Mempersembahkan Hidup Yang Berkualitas (1 Korintus 15:20-28)
Mempersembahkan Hidup Yang Berkualitas
(1 Korintus 15:20-28)
Adakah di antara kita yang rela memberikan
sesuatu atau barang yang paling disayangi kepada orang
lain? Pertanyaan ini menjadi penting sebab terkadang kita hanya memberikan
sesuatu atau barang kepada orang lain hanya pada saat kita berkelebihan atau
tidak membutuhkan barang itu lagi. Jika dalam kondisi yang sangat kekurangan
kita dituntut untuk hidup berbagi dengan sesama tentu
sangatlah sulit. Orang bisa bilang itu namanya; ‘pengasihan lupa diri’. Tetapi yang dimaksudkan
di sini adalah hidup berbagi yang tidak hanya sebatas materi melainkan melalui
seluruh totalitas hidup. Misalnya, berbagi tentang pengetahuan dan pengalaman
bagi sesama.
Tindakan seperti ini tentu sangat menarik
jika dikaitkan dengan
ungkapan ‘hidup yang mencerminkan citra Kristus’. Menjadi citra Kristus berarti ada sebuah nilai
yang diperlihatkan tentang cara hidup Kristus. Entah tentang pengorbanan,
kesetiaan, kejujuran, ketulusan, dll. Semua ini berujung pada sebuah cara hidup
yang memberikan keteladanan bagi orang lain.

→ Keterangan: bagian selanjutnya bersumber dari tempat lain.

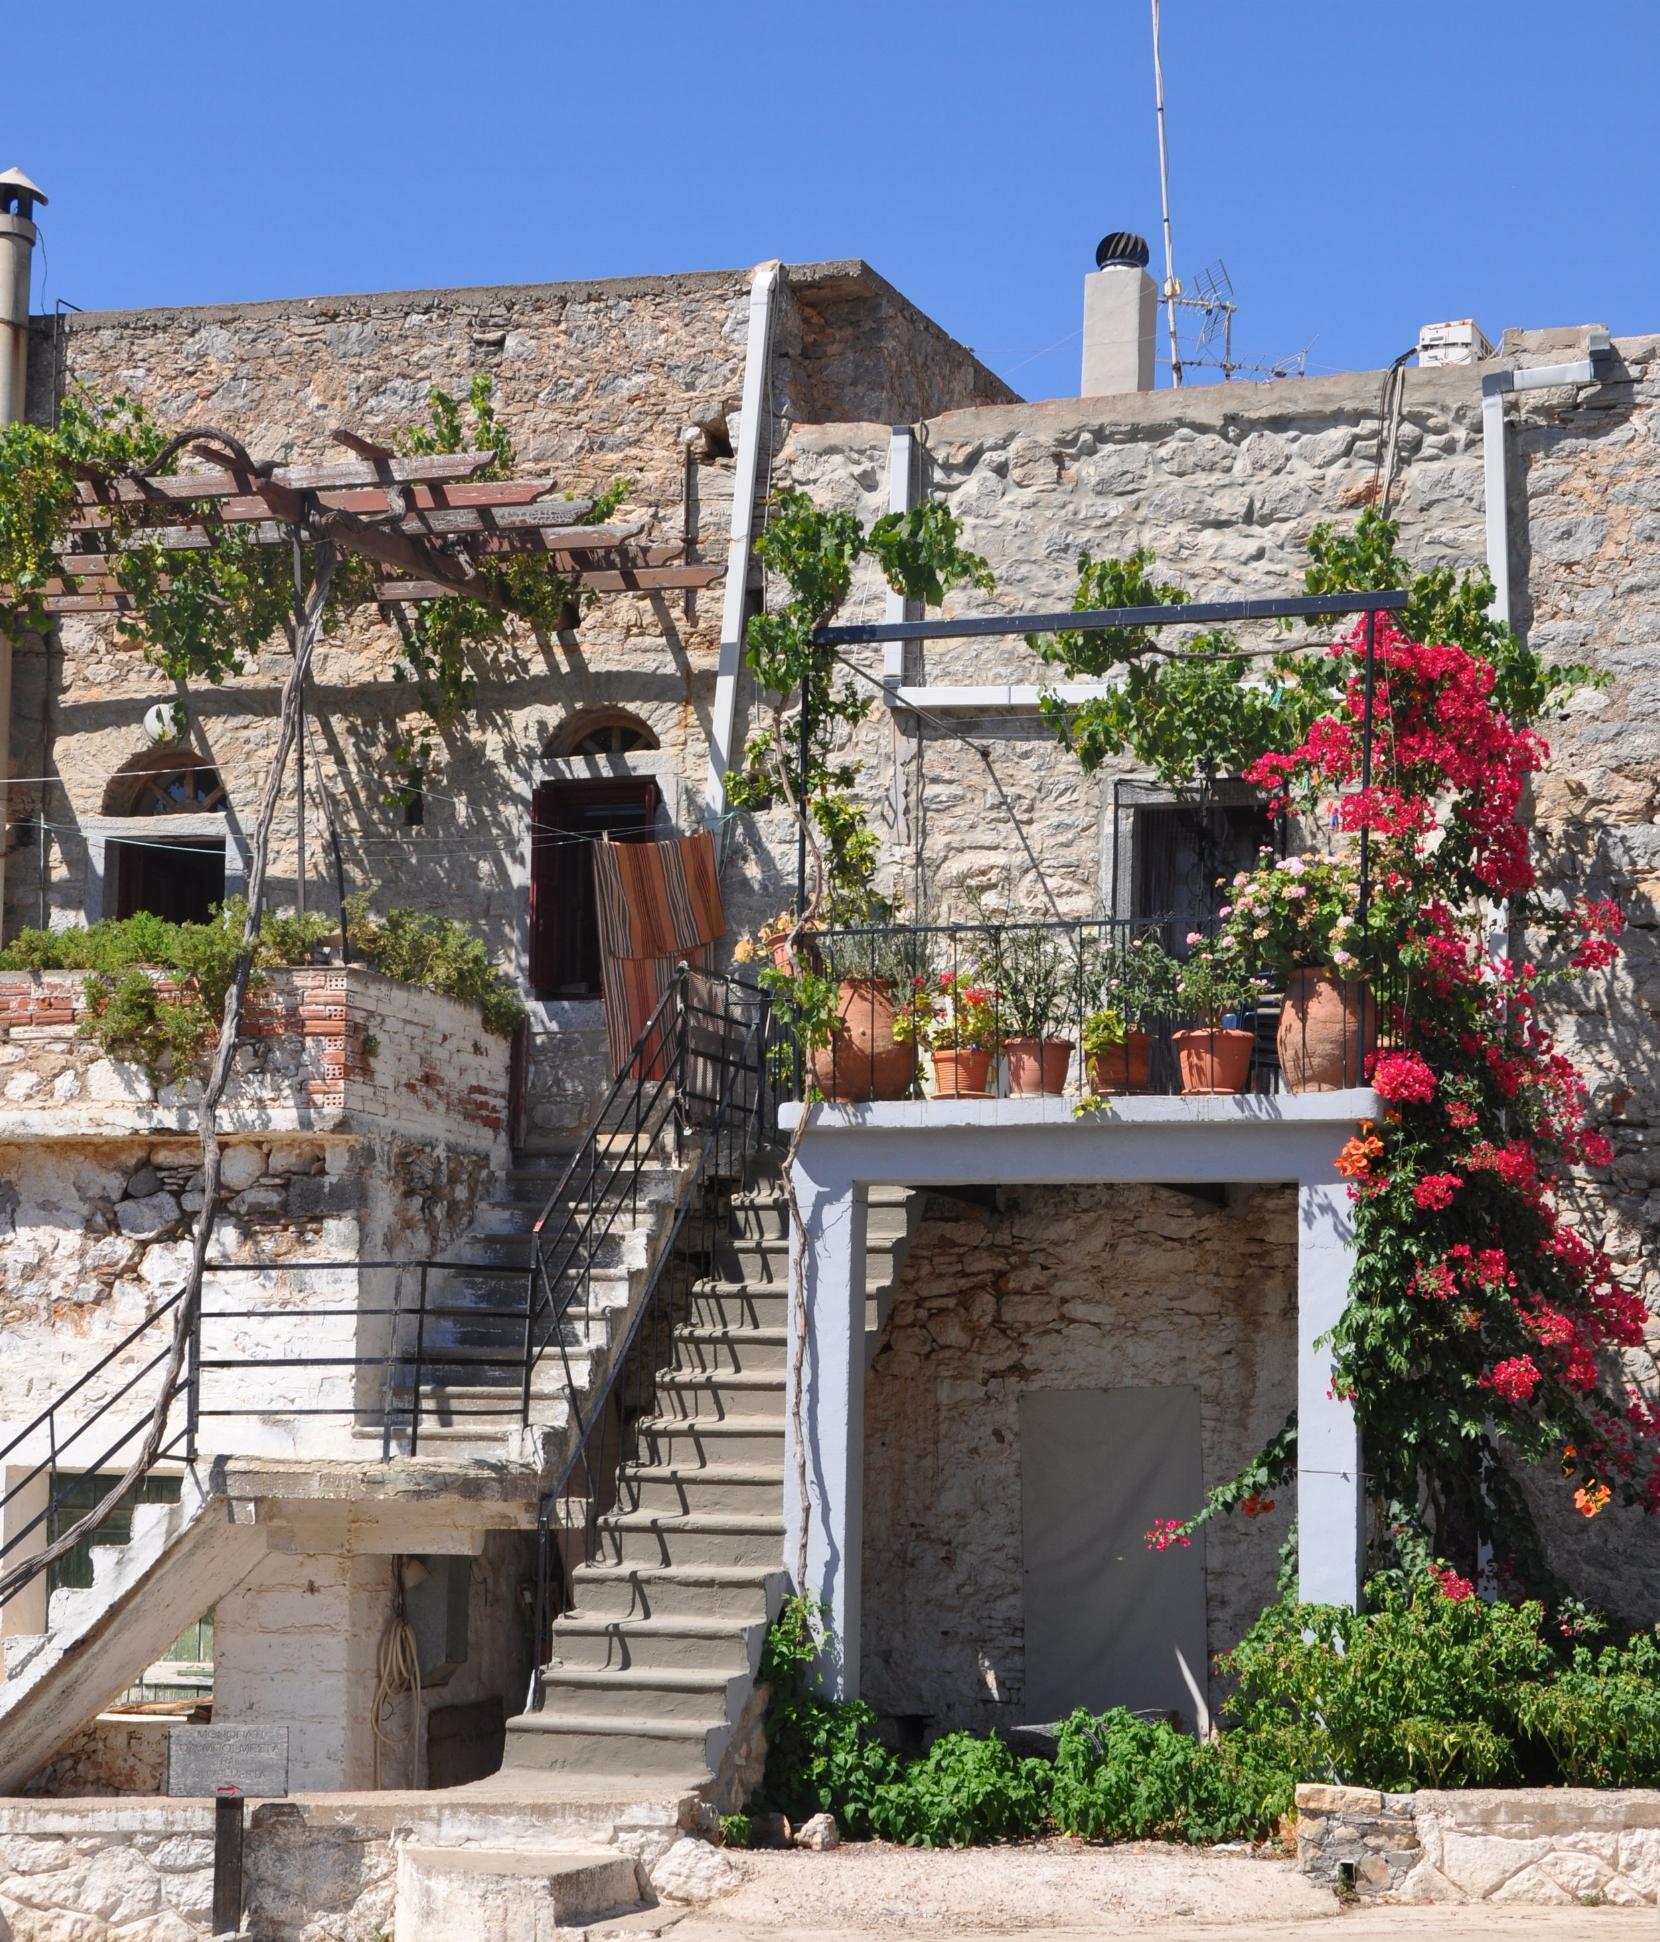 Entering the medieval vilage of Mesta, Chios, Greece

Mari kita garis bawahi kata ‘mencerminkan citra
Kristus’. Sama halnya
dengan sesuatu yang akan ditonjokan,
diperlihatkan atau digambarkan tentang Kristus bagi sesama manusia. Terutama ketika kita memaknai
peristiwa kebangkitan Kristus (Paskah). Seperti kita ketahui bersama bahwa inti dari
iman Kristen adalah kebangkitan Kristus. Ini merupakan sebuah pengakuan iman orang-orang percaya. Khususnya pada bagian
Alkitab 1 Korintus 15:20-28 yang menekankan kebangkitan Kristus sebagai yang
sulung. Artinya
kebangkitan Kristus adalah yang pertama
bangkit dari antara orang mati.
Dalam tradisi Perjanjian Lama berkas pertama yang dituai harus dipersembahkan
dalam korban satu hari setelah sabat yang jatuh setelah hari Paskah. Paulus
menulis surat ini dengan tujuan untuk menjangkau orang-orang Korintus pada
perayaan Paskah Kristen (1Kor. 5:7,8). Gelar ‘sulung’ memiliki arti lebih utama
dari segala yang diciptakan. Hal ini dapat dianalogikan seperti orang memanen hasil tanaman yang
pertama dipersembahkan bagi Allah. Sebab hasil panen yang pertama dianggap
sebagai buah yang berkualitas.
Sama halnya dengan
Kristus. Ia menjadi
tuaian pertama dari kehidupan sebagai akibat dari ketidaktaatan manusia.
Olehnya itu, Kristus digambarkan sebagai anak yang taat terhadap kehendak BapaNya.
Ketidaktaatan manusia kepada Allah yang disebut sebagai dosa yang berunjung
pada maut tidak hanya berkaitan dengan kematian secara fisik melainkan kematian
secara rohani. Maka melalui kebangkitan Kristus, kita mengalami persekutuan
dengan Allah. Kita kembali dikukuhkan sebagai manusia baru. Manusia yang
menaruh seluruh totalitas hidup bagi Allah. Berarti hidup kita adalah hidup
yang berpengharapan.
Coba bayangkan Kristus
digambarkan sebagai Anak Allah yang sangat dikasih dikorbankan untuk menebus
dosa manusia. Lalu bagaimana dengan manusia yang sering disebut juga sebagai
anak-anak Allah. Anak-anak yang tidak lain adalah cara hidupnya mencerminkan
citra Kristus. Apakah kita harus saling melukai? Saling mempertahankan ego
ketika terjadi kesalapahaman? Tentu tidak! Sebagaimana Kristus menjadi tuaian pertama dari
kehidupan maka tanggungjawab kita sebagai pengikut-pengikut-Nya juga harus
melakukan hal yang sama. Artinya hidup kita juga harus dipersembahkan bagi
Allah dengan cara menolong sesama ciptaan.
Dengan demikian, hidup
kita bukan untuk diri sendiri melainkan juga bagi sesama ciptaan yang
membutuhkan pertolongan. Di sinilah letak cara hidup yang berkualitas. Melalui kehadiran
kita orang lain dapat merasakan kehadiran Kristus.